Namun pada hari yang lembap, meskipun tidak terlalu panas, keringat kita tidak dapat menguap secara efektif, sehingga tubuh kita lebih sulit untuk mendinginkan dirinya sendiri.
Ini seperti menjemur pakaian. Pada hari yang panas dan kering, pakaian kita cepat kering karena udara dapat menyerap kelembapan. Namun di hari yang lembap, pakaian kita lembap lebih lama karena udara sudah jenuh dengan uap air.
Tubuh kita menghadapi tantangan yang sama ketika mencoba mendinginkan diri dalam kondisi lembap.
Ketika suhu bola basah mencapai sekitar 35°C (95°F), secara fisik mustahil bagi manusia untuk bertahan hidup tanpa pendinginan buatan, karena sistem pendinginan alami kita (berkeringat) tidak dapat bekerja lagi.
Bahkan pada suhu yang lebih rendah yaitu 31°C (88°F), tubuh kita mulai berjuang secara signifikan untuk mendinginkan diri.
“Kami memperkirakan, seiring dengan menghangatnya iklim, kematian akibat panas akan meningkat, dan kaum muda akan paling menderita,” kata salah satu penulis utama studi, R. Daniel Bressler.
Tingkat kematian yang tinggi di kalangan dewasa muda, khususnya mereka yang berusia antara 18 dan 34 tahun, sebagian besar berasal dari kondisi kerja mereka.
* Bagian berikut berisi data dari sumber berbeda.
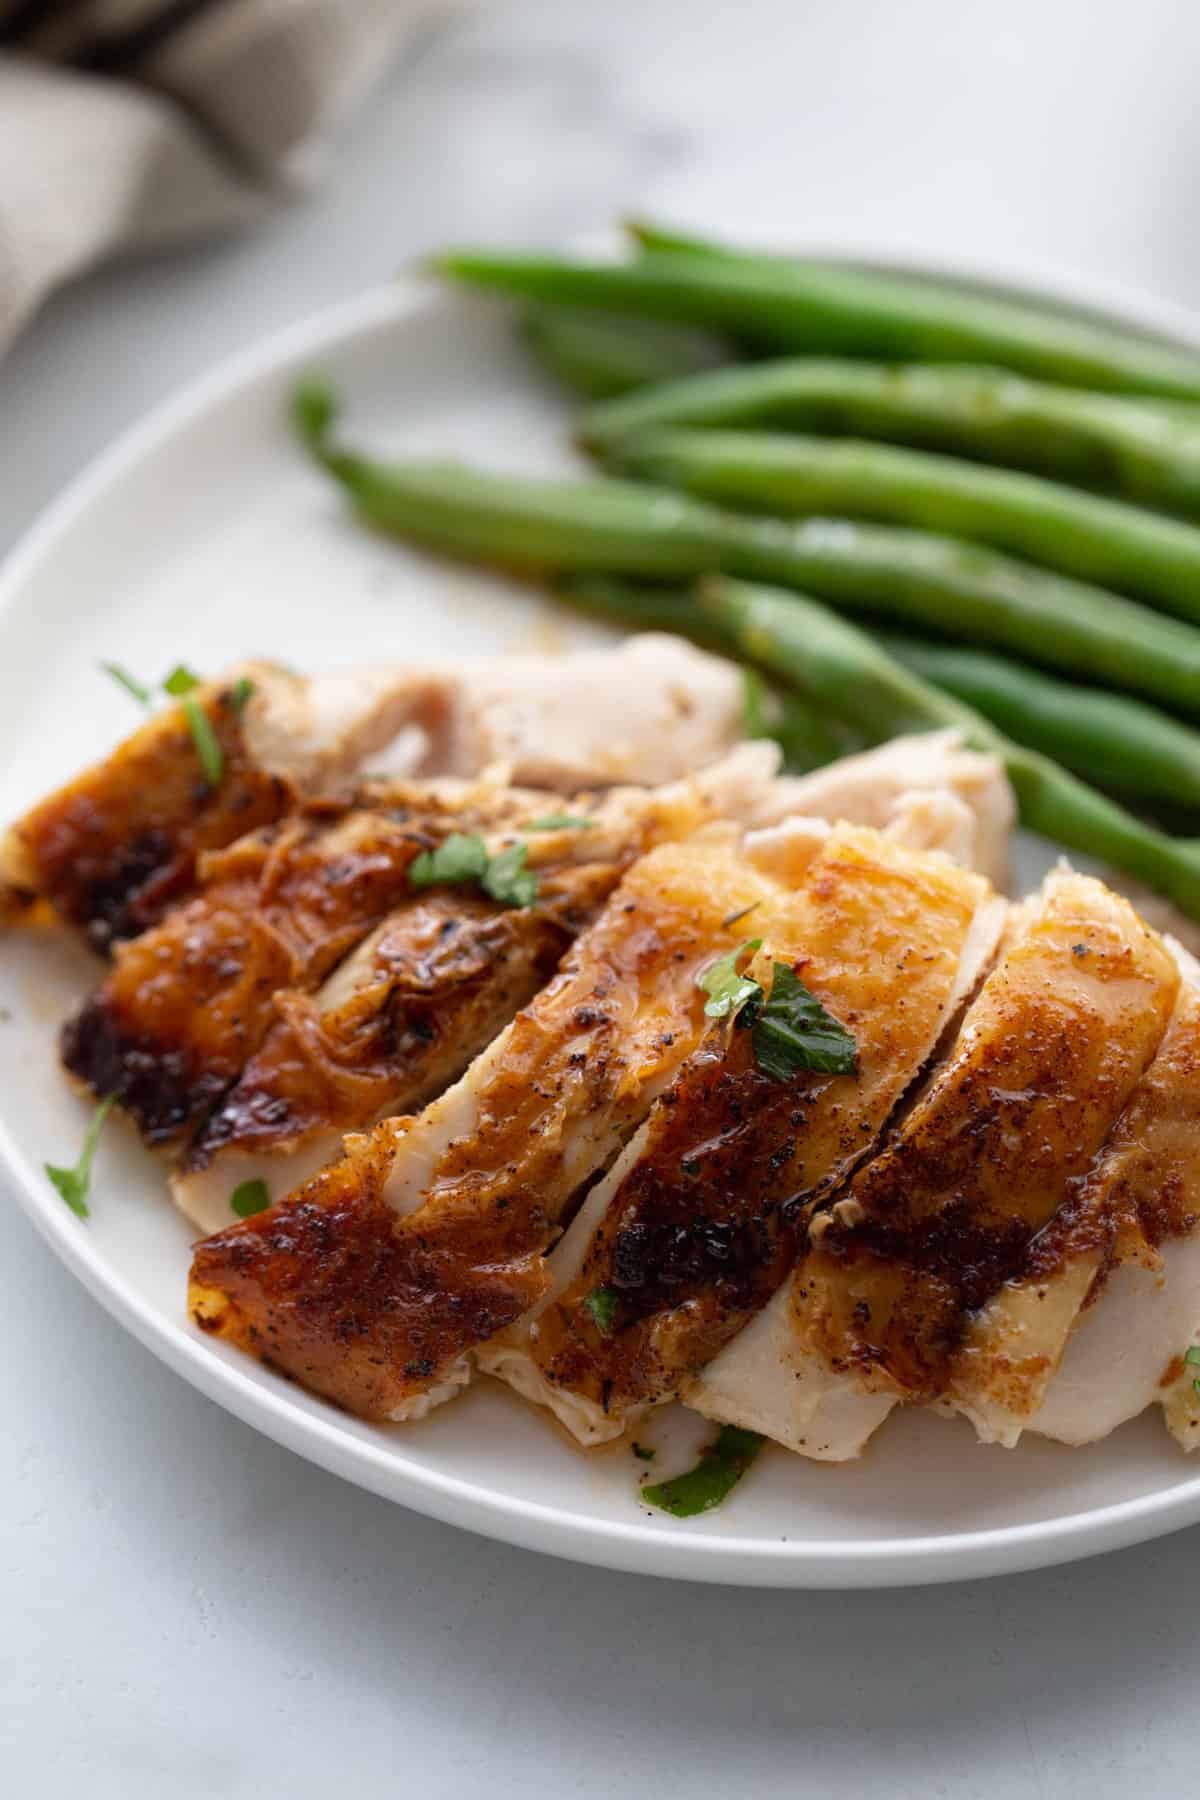 Sliced chicken breast with green beans.

“Mereka adalah orang-orang yang lebih junior, yang kedudukannya rendah, yang mungkin melakukan sebagian besar pekerjaan berat, dengan pengaturan kerja yang tidak fleksibel,” jelas Shrader.
Dewasa muda biasanya bekerja di bidang konstruksi, pertanian, dan pabrik – pekerjaan yang sering kali melibatkan aktivitas fisik yang intens di lingkungan yang panas dengan sedikit untuk menghindari bagian terpanas dalam sehari.
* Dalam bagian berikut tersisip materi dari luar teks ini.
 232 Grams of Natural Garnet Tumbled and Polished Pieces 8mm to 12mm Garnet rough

Anak-anak di bawah usia 5 tahun, khususnya bayi, menghadapi tantangan yang berbeda.
Tubuh mereka sangat rentan karena susunan fisik mereka: mereka memiliki rasio luas permukaan terhadap berat badan yang lebih tinggi, yang berarti mereka menyerap panas lebih cepat daripada orang dewasa.
Kemampuan balita untuk berkeringat – mekanisme pendinginan utama tubuh – belum sepenuhnya berkembang.
Selain itu, sistem kekebalan tubuh mereka masih dalam tahap pematangan. Itu membuat balita lebih rentan terhadap penyakit yang menjadi lebih umum dalam kondisi panas dan lembap, seperti yang disebarkan oleh nyamuk atau air yang terkontaminasi.
Para peneliti menemukan bahwa suhu yang berbeda memengaruhi orang secara berbeda.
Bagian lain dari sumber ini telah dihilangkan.